Pork & Red Pepper Hash

Pork & Red Pepper Hash

Red bell pepper and scallions add crunch and color to this full-flavored hash. Steak, chicken or turkey could be substituted for the pork, if you like.

From EatingWell: EatingWell Serves Two
Yield: 2 servings, about 1 1/2 cups each
Active Time: 20 minutes
Total Time: 20 minutes

Ingredients

  1. 1 tablespoon all-purpose flour
  2. 1 boneless pork loin chop, (4 ounces), trimmed of fat and cut into 1/2-inch pieces
  3. 4 teaspoons extra-virgin olive oil, divided
  4. 1 small onion, diced
  5. 2 cups frozen diced hash brown potatoes
  6. 1 small red bell pepper, diced
  7. 1/2 teaspoon hot or sweet paprika
  8. 1/2 teaspoon garlic powder
  9. 1/2 teaspoon chopped fresh rosemary
  10. 1/2 teaspoon salt
  11. Freshly ground pepper, to taste
  12. 2 scallions, sliced
  13. 1 teaspoon cider vinegar

Preparation

  1. Sprinkle flour over pork and turn to coat both sides. Heat 2 teaspoons oil in a large nonstick skillet over medium-high heat. Spread the pork evenly in the pan and cook until lightly browned on one side, 1 to 2 minutes. Continue cooking, stirring occasionally, until evenly browned, 1 to 2 minutes more. Transfer the pork to a plate and cover with foil to keep warm.
  2. Heat the remaining 2 teaspoons oil in the pan over medium-high heat. Add onion and cook, stirring often, until starting to brown, 1 to 3 minutes. Add potatoes, bell pepper, paprika, garlic powder, rosemary, salt and pepper. Cook, stirring frequently, until the potatoes are browned and crispy in spots, 4 to 8 minutes. Add the pork and scallions and cook, stirring often, until the pork is heated through, about 2 minutes.

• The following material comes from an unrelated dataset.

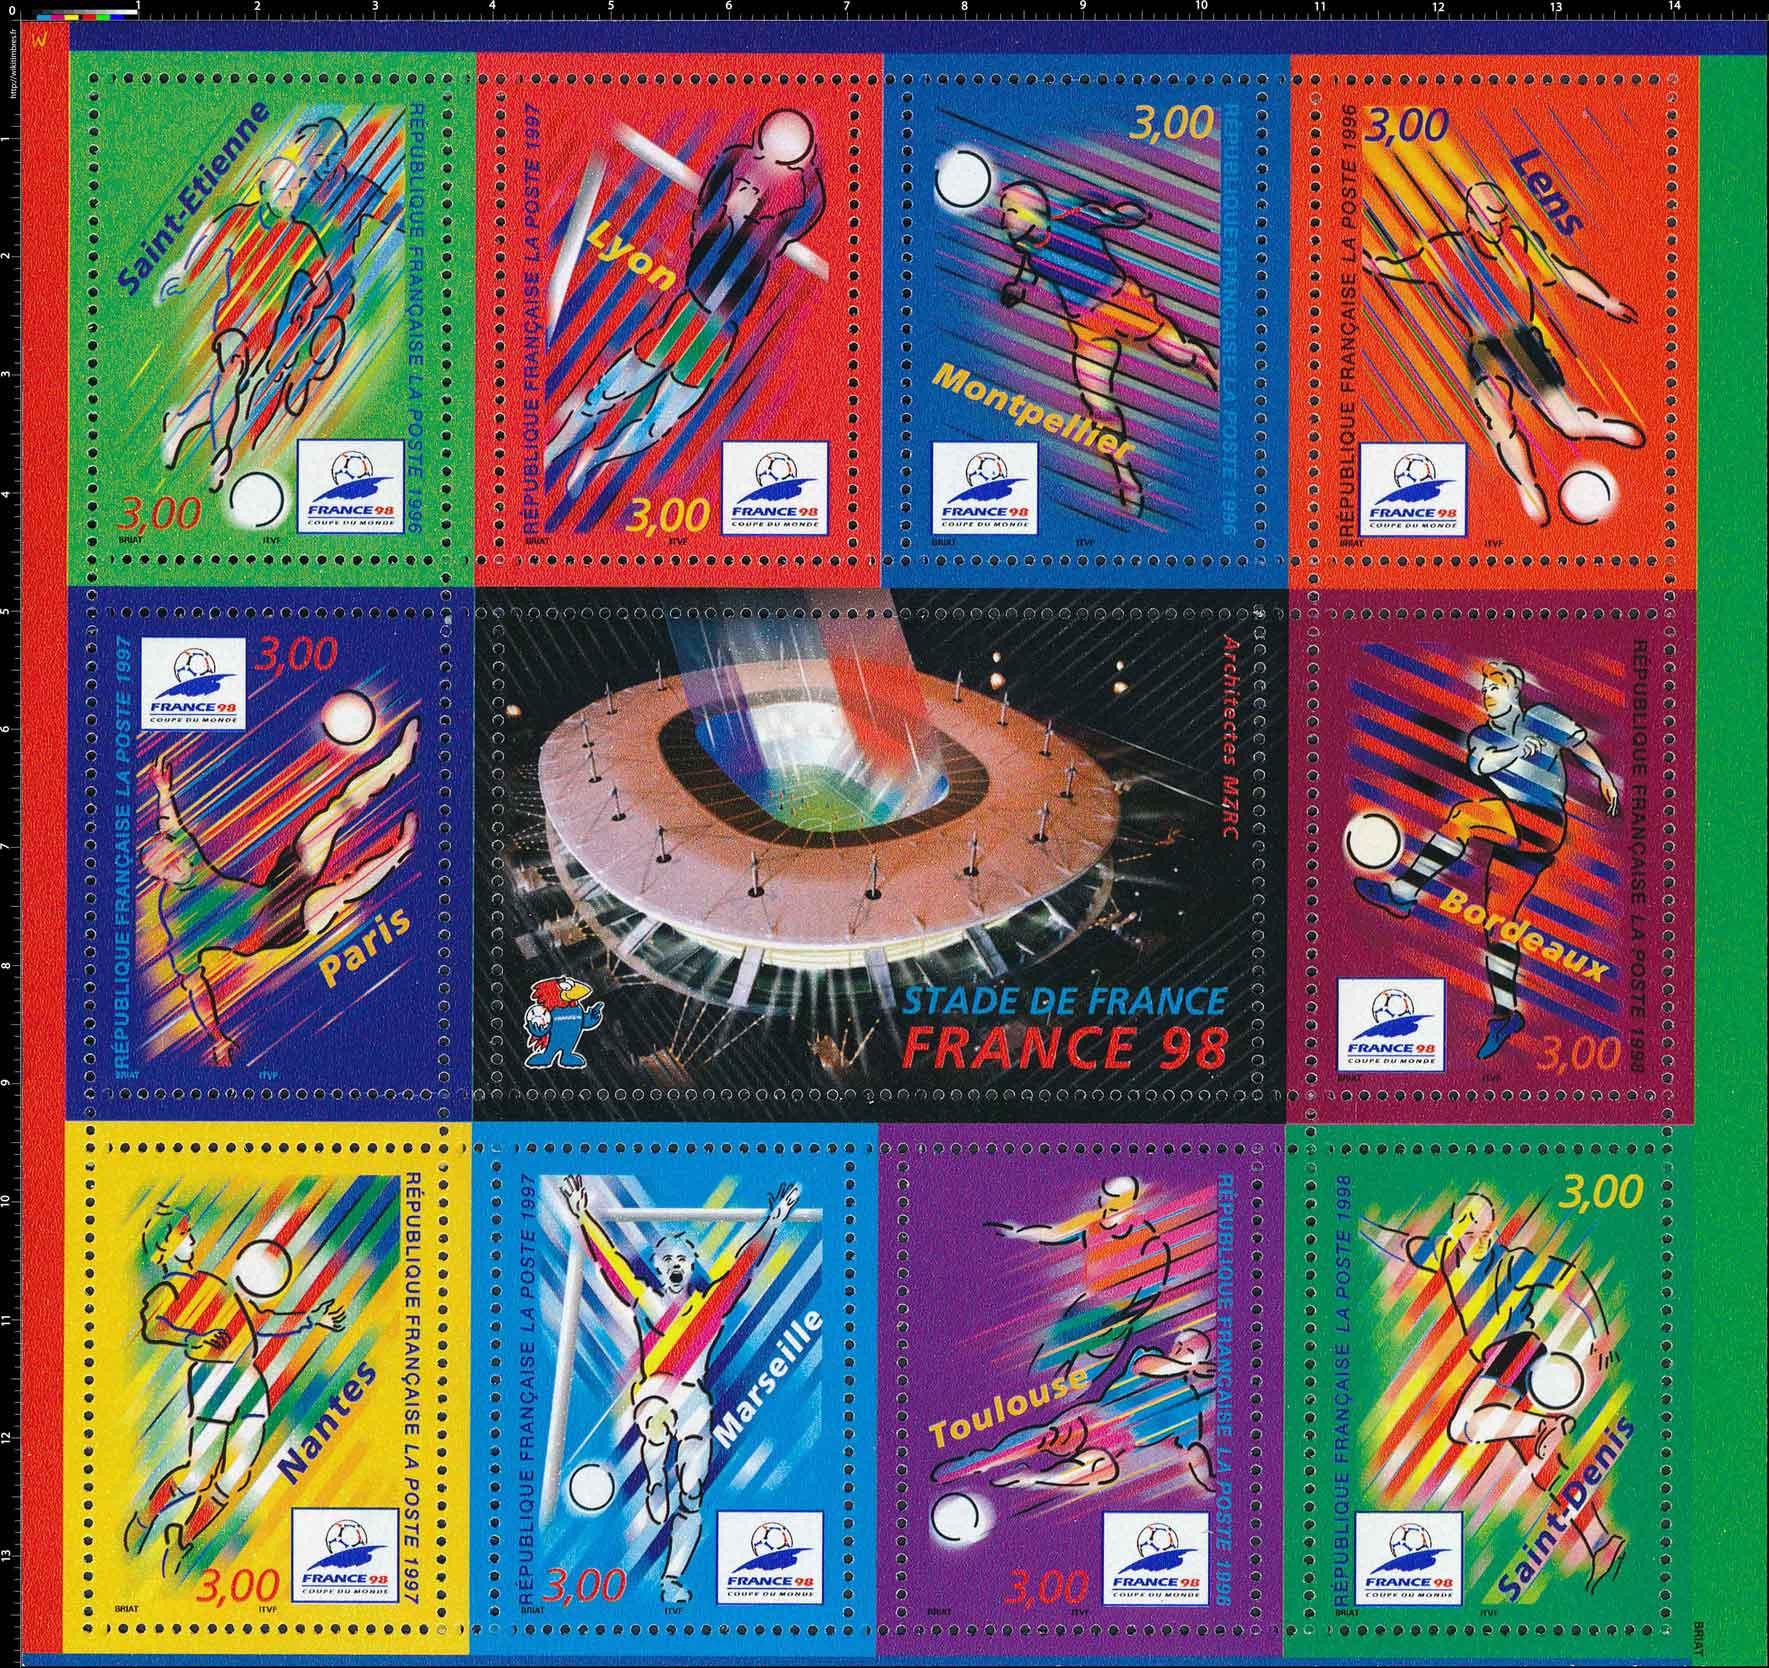 STADE DE FRANCE - FRANCE 98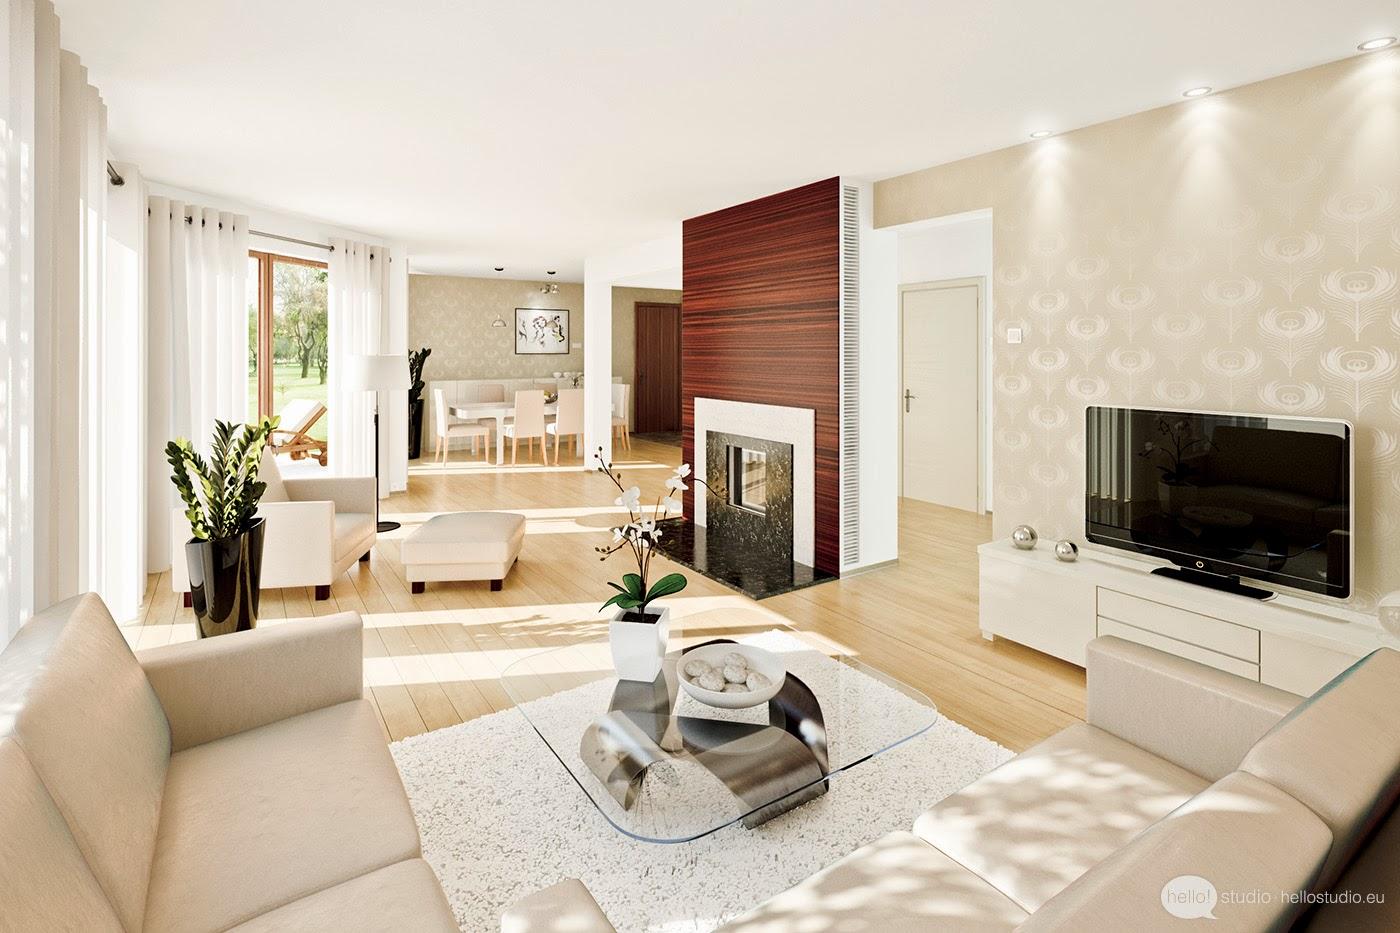 Anda bingung membuat desain rumah minimalis modern tentang interior design karena pemilihan bahan yang rumit. & Inspirasi Seputar Rumah: Desain Interior Rumah Minimalis Modern

Stir in vinegar.

Nutrition

Nutrition Per Serving: 391 calories; 14 g fat (3 g sat, 9 g mono); 32 mg cholesterol; 49 g carbohydrates; 18 g protein; 5 g fiber; 366 mg sodium; 934 mg potassium.

Nutrition Bonus: Vitamin C (150% daily value), Vitamin A (30% dv), Potassium (27% dv).